In the meantime (I thought SquidMan might be the culprit) I switched over to a ‘normal’ squid, and learned some more stuff and ended with the following script to configure my squid (installed via homebrew on OSX, so YMMV):
# we need the directory, where the squid configuration file can be found
SQUID_DIR=`brew info squid | grep Cellar | sed "s/^\([^ ]*\).*/\1/"`
# insert some additional refresh patterns (before the other refresh patterns)

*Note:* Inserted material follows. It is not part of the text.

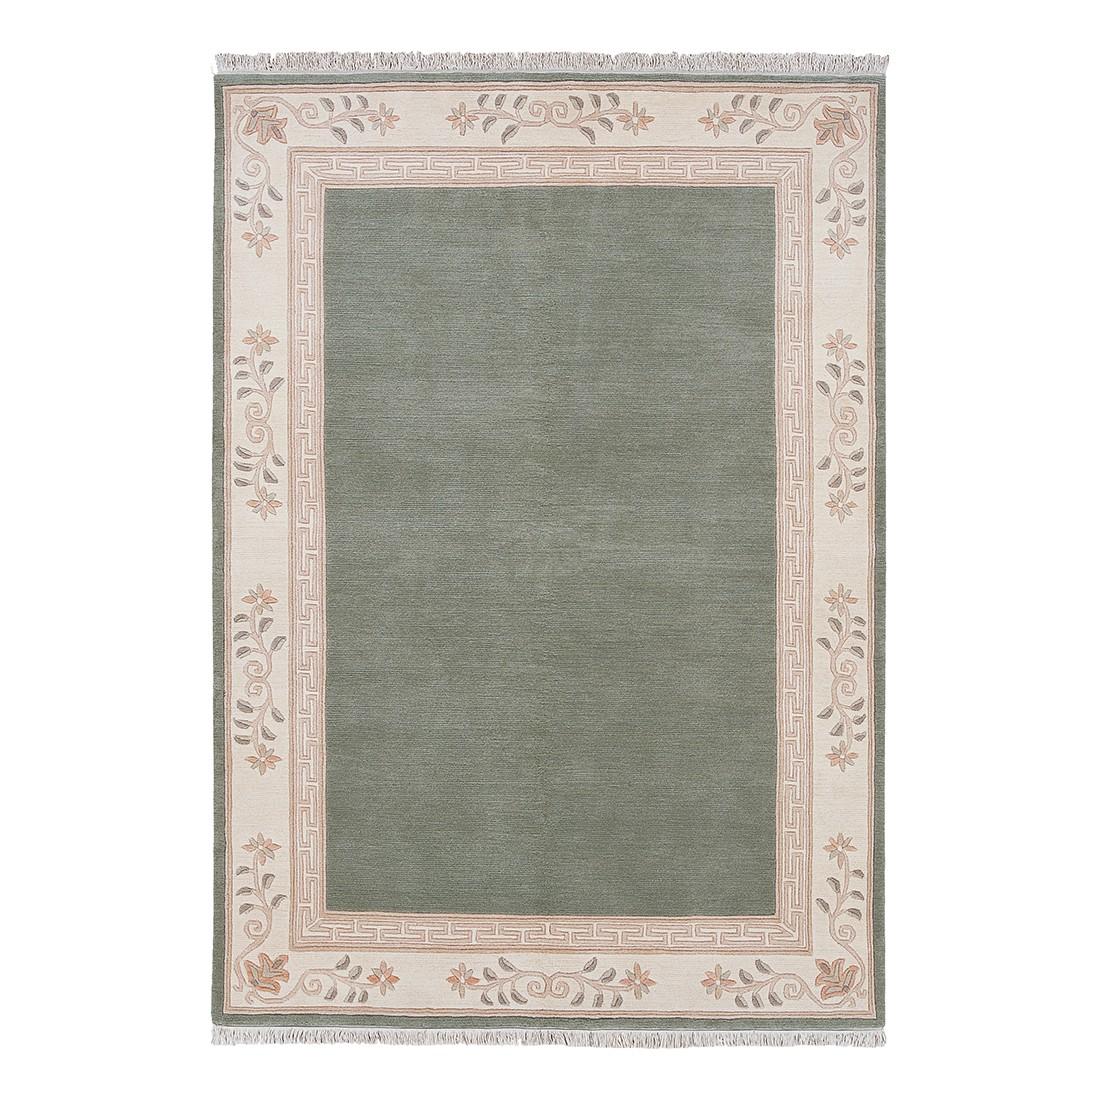 Teppich Floral - Grün - 170 x 240 cm, Luxor living

sed -i .org '/refresh_pattern .ftp/i \
refresh_pattern -i .rpm$ 129600 100% 129600 \
refresh_pattern -i .bz2$ 129600 100% 129600 \
# append some lines to the configuration
cat <<EOF >> $SQUID_DIR/etc/squid.conf
# log file locations:
# store objects up to:
maximum_object_size 16 MB
# I needed that at my home to avoid slow ipv6
# and we want the cache to survive a restart:
cache_dir ufs /usr/local/var/cache/squid 10000 16 256
the refresh_pattern are used to store the RPMs and keep them, even if no cache-headers are set. They have to be set before the existing refresh_patterns, so I insert them before the first pattern (/refresh_pattern .ftp/i). Then I set the log directories, the maximum object size (16 MB), the IPV4 (DNS via IPV4) and finally a cache directory so that the cached data survives a restart of the proxy. Done.